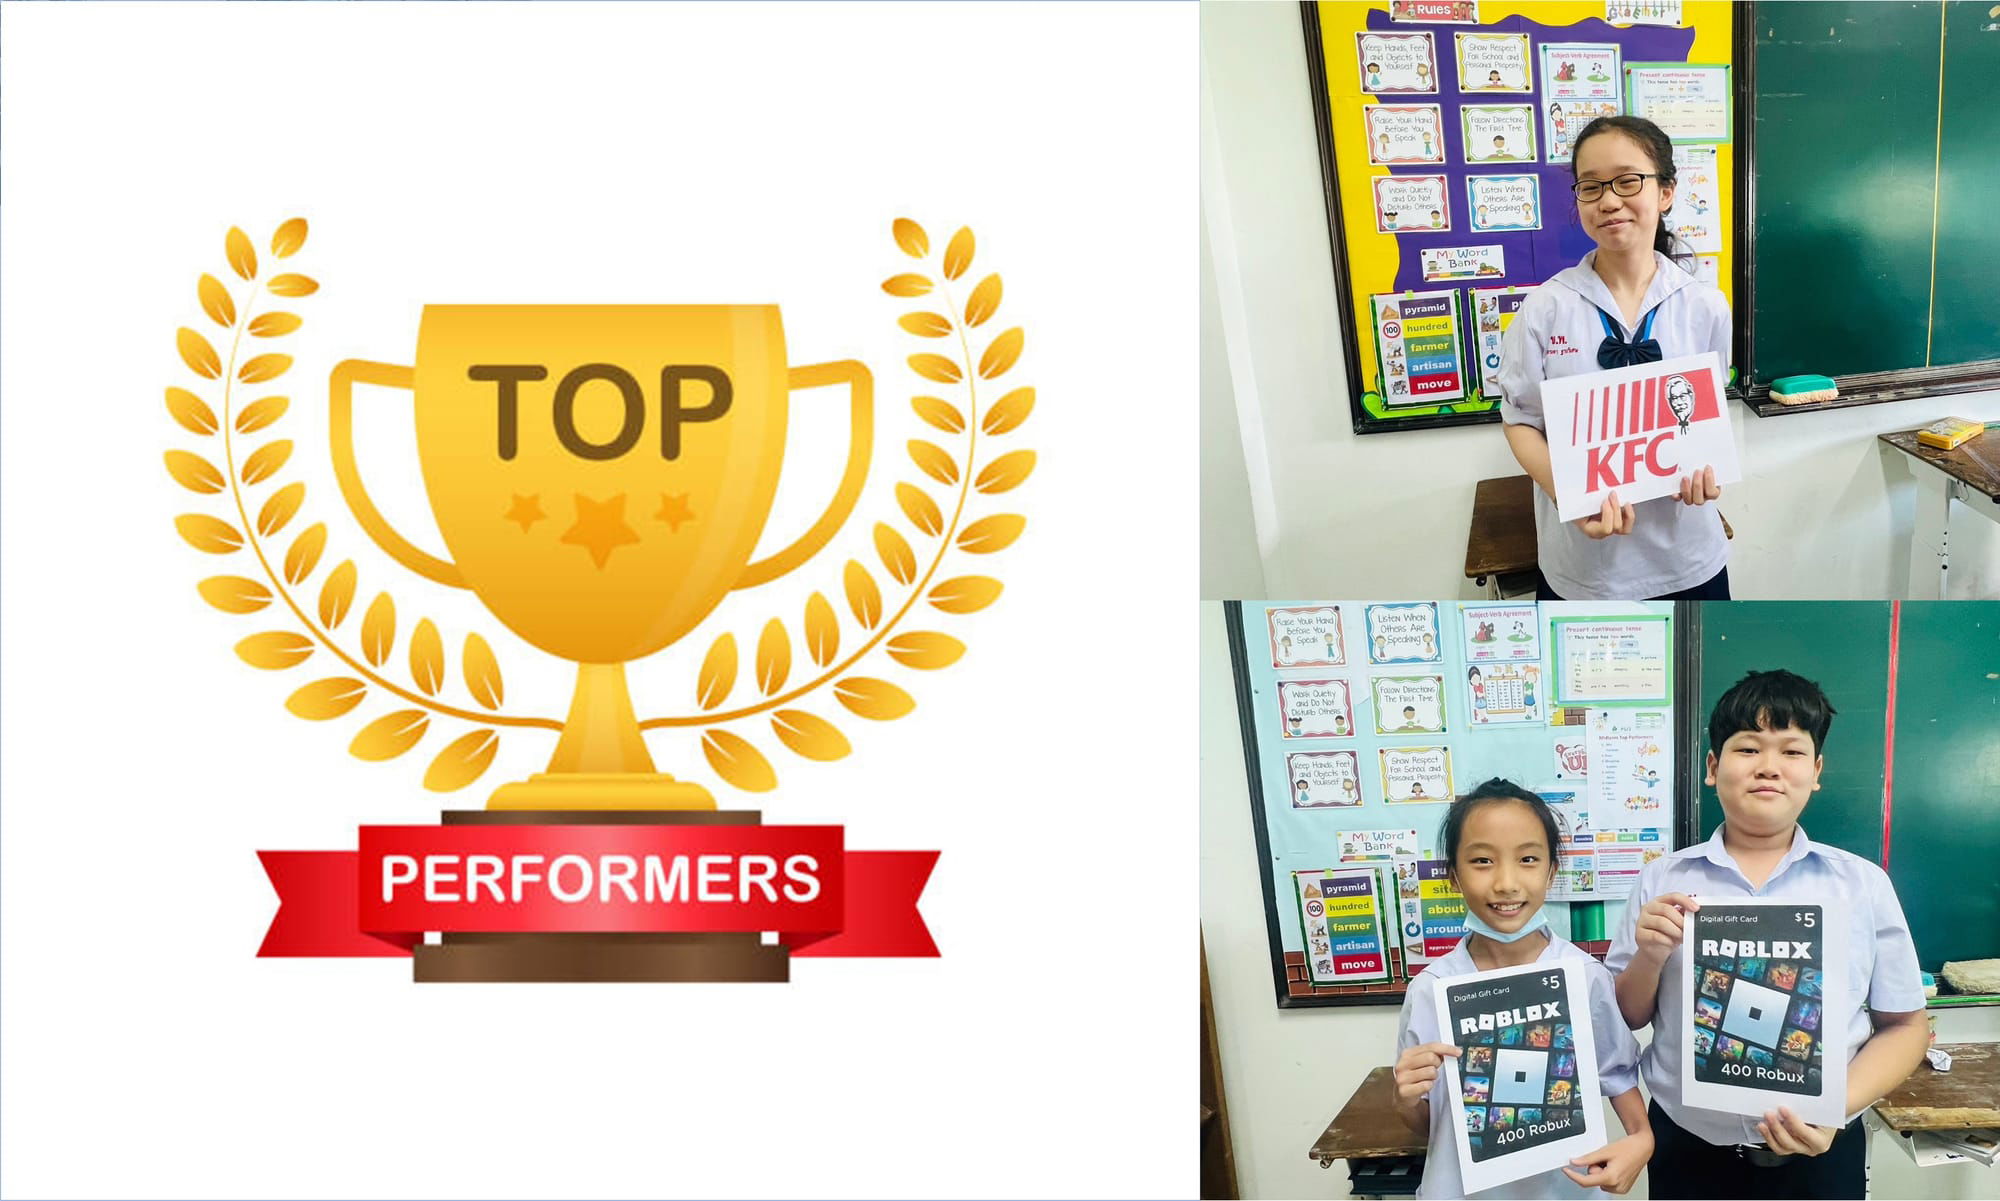 TERM 2 MIDTERM ASSESSMENT TOP PERFORMERS
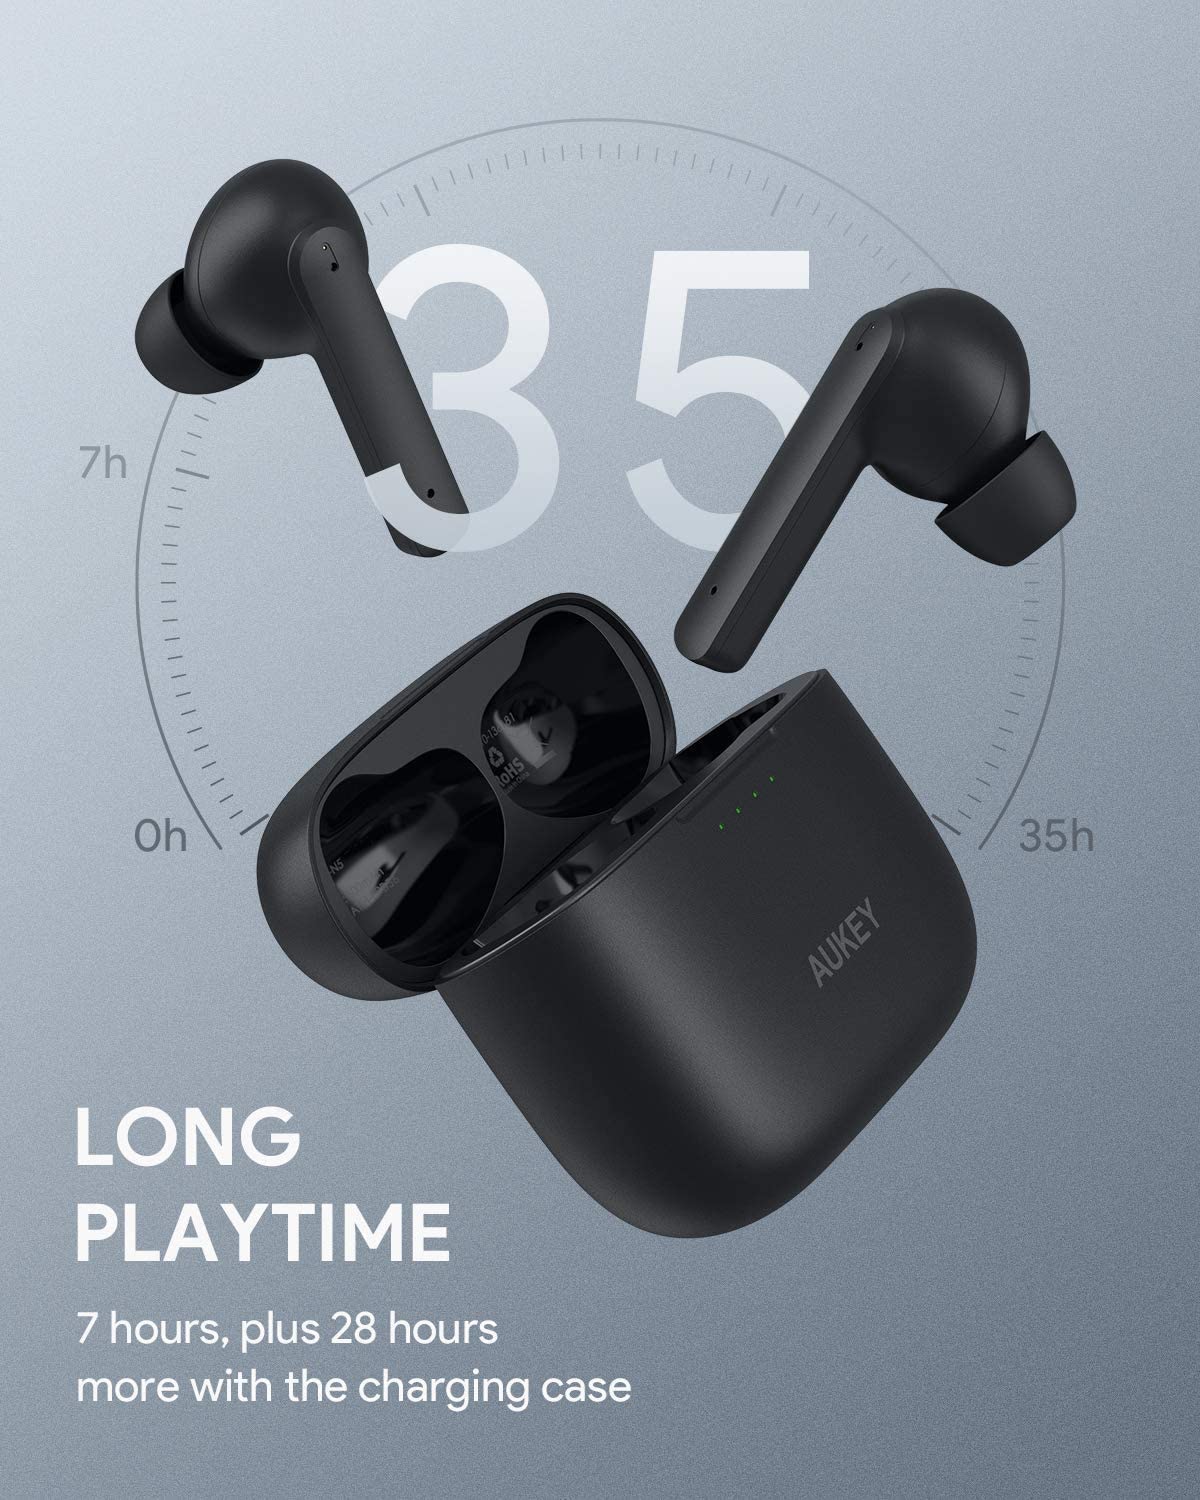 AUKEY True Wireless Earbuds Active Noise Cancelling Bluetooth 5.0 Earphone USB-C
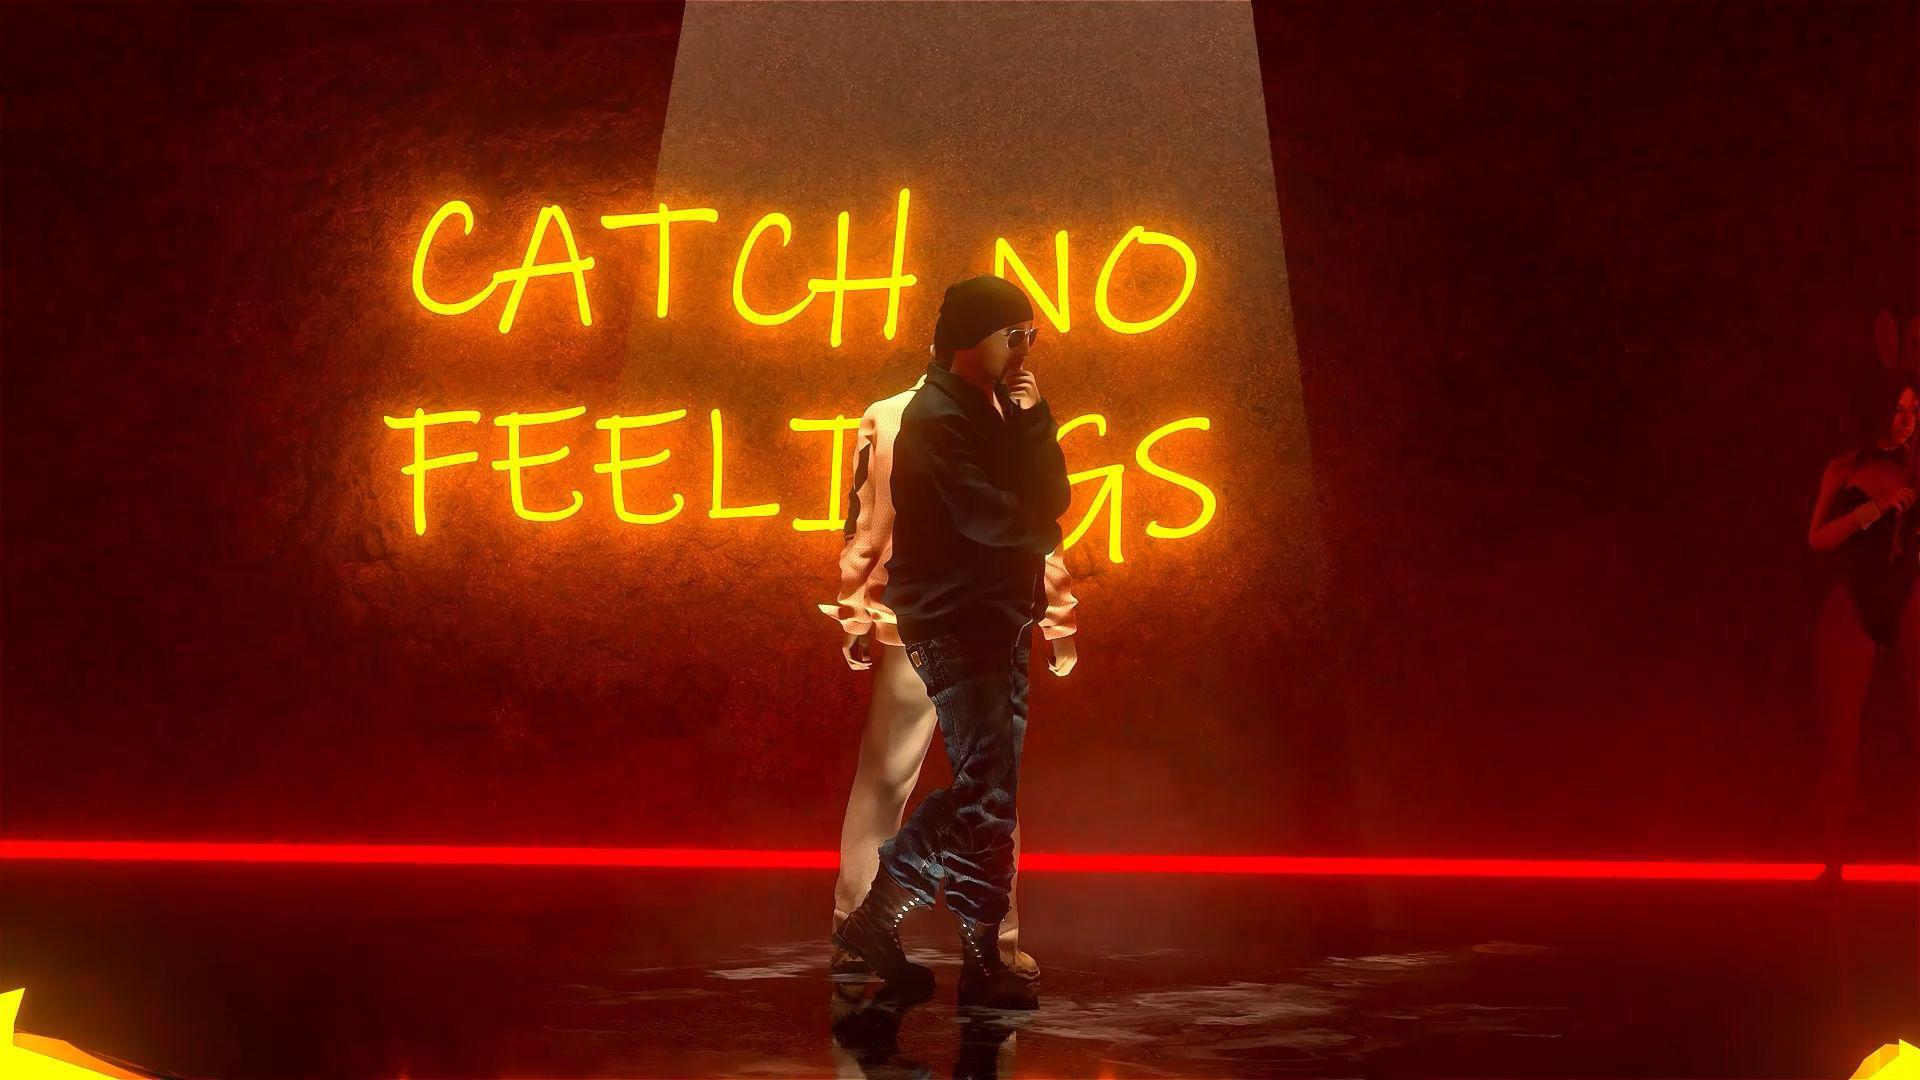 D4 Music - Catch No Feelings 官方 Visualizer

+-------+

## Task goal
Instruction for this listing: copy it exactly, but leave the images behind.

## Response to this task
 TERM 2 MIDTERM ASSESSMENT TOP PERFORMERS
 AUKEY True Wireless Earbuds Active Noise Cancelling Bluetooth 5.0 Earphone USB-C
 D4 Music - Catch No Feelings 官方 Visualizer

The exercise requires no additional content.